Provided material
== Segment start ==
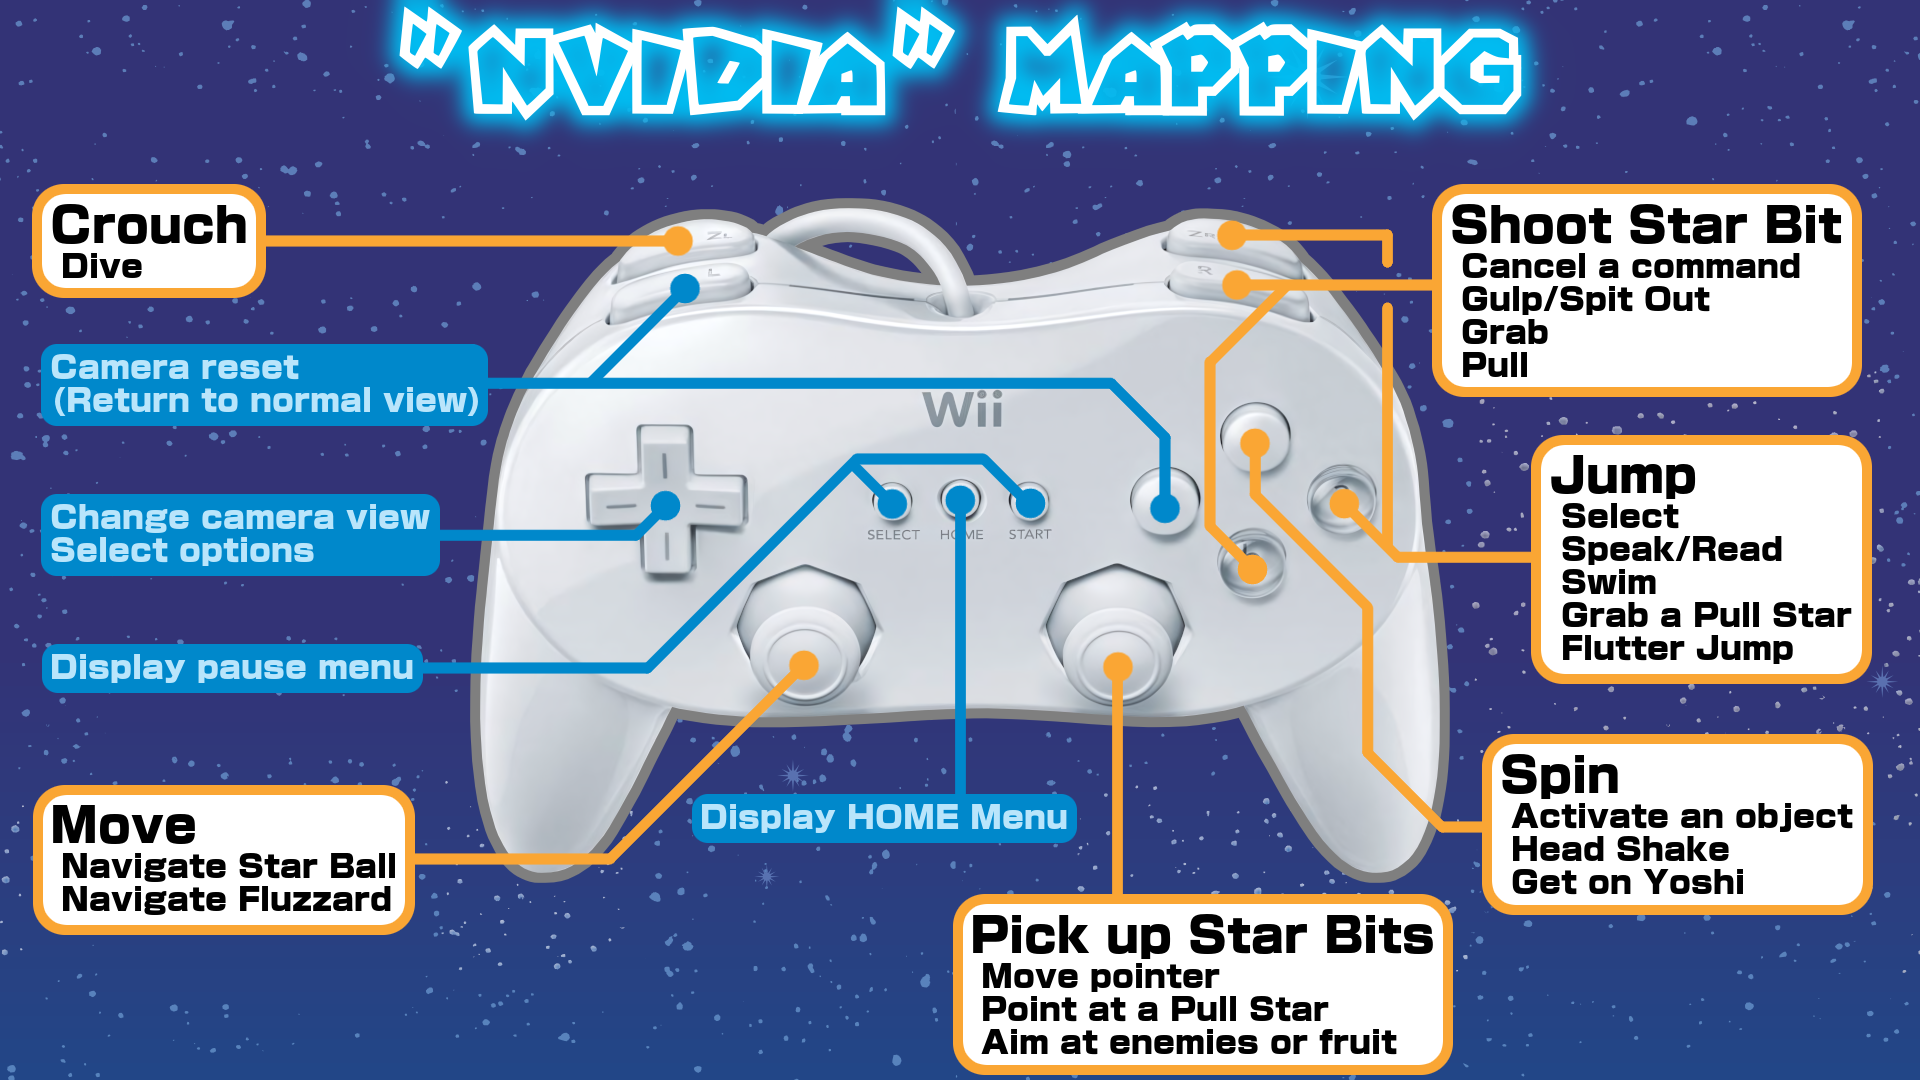 Play Super Mario Galaxy 2 using the Wii U GamePad | Page 4 | GBAtemp.net -  The Independent Video Game Community
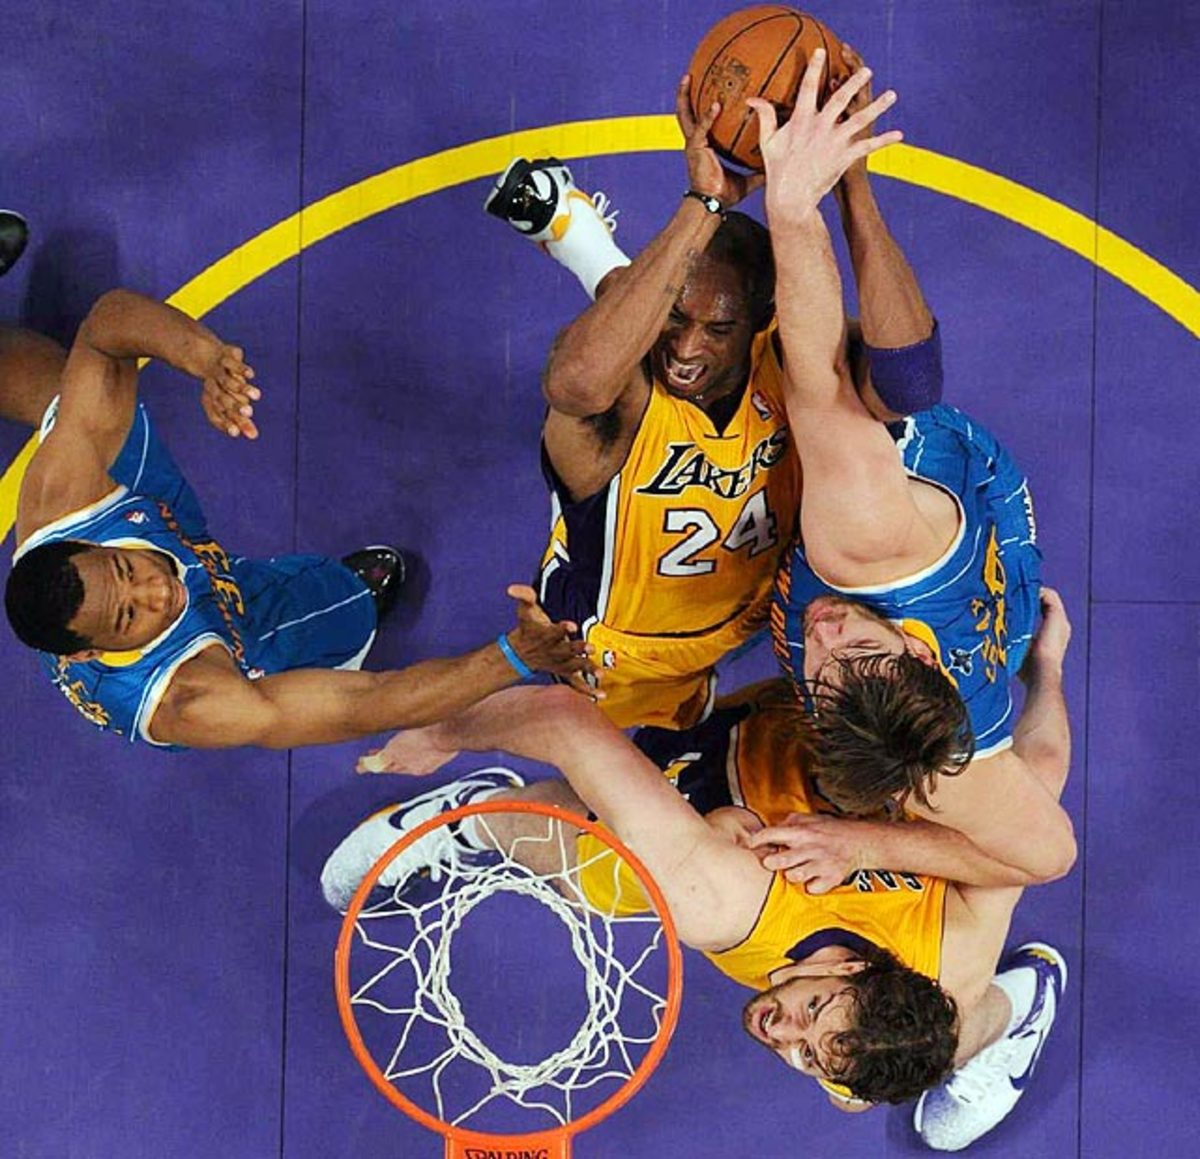 lakers-hornets-opy2-146510-mid.jpg
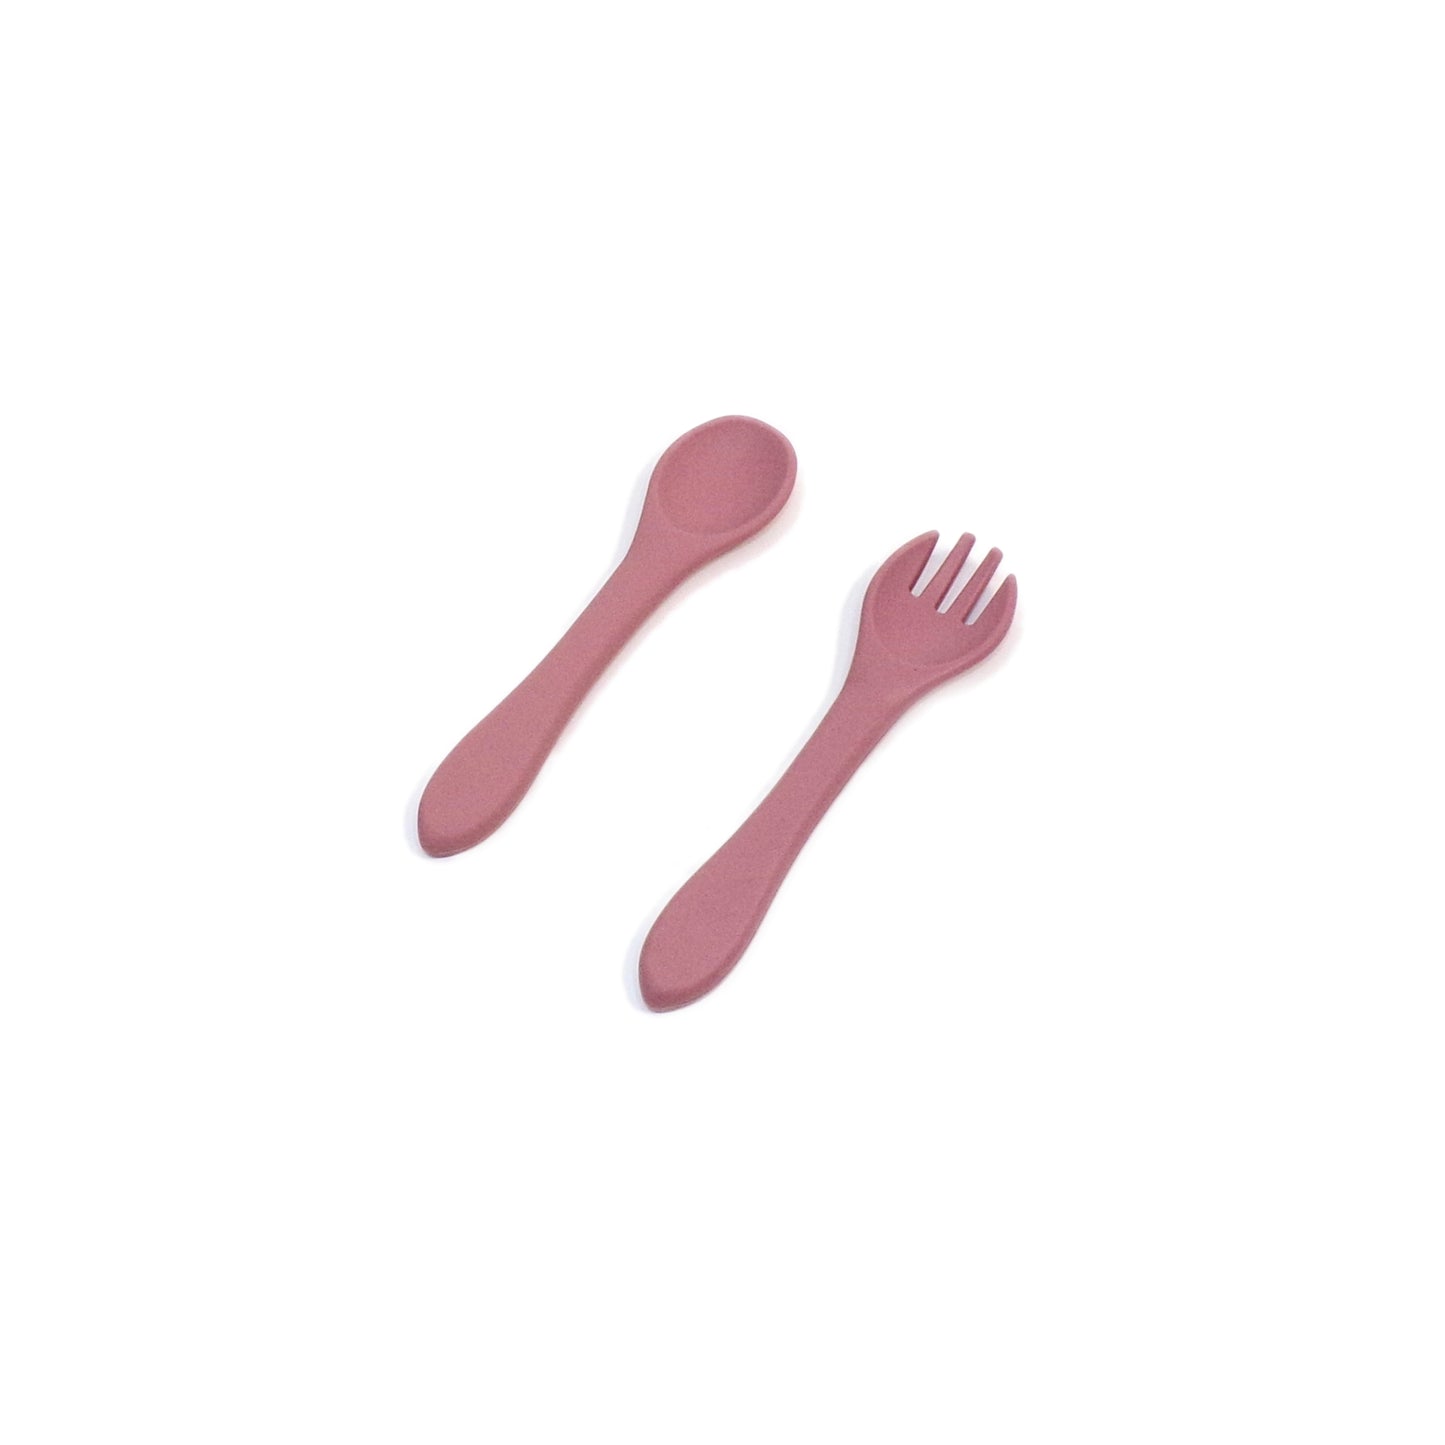 A set of pink silicone cutlery, a fork and spoon. The utensils are designed for young children.
== Segment end ==
Exercise objective
Omit the pictures, then set down all the remaining data exactly as given.

Solved exercise
 Play Super Mario Galaxy 2 using the Wii U GamePad | Page 4 | GBAtemp.net -  The Independent Video Game Community
 lakers-hornets-opy2-146510-mid.jpg
 A set of pink silicone cutlery, a fork and spoon. The utensils are designed for young children.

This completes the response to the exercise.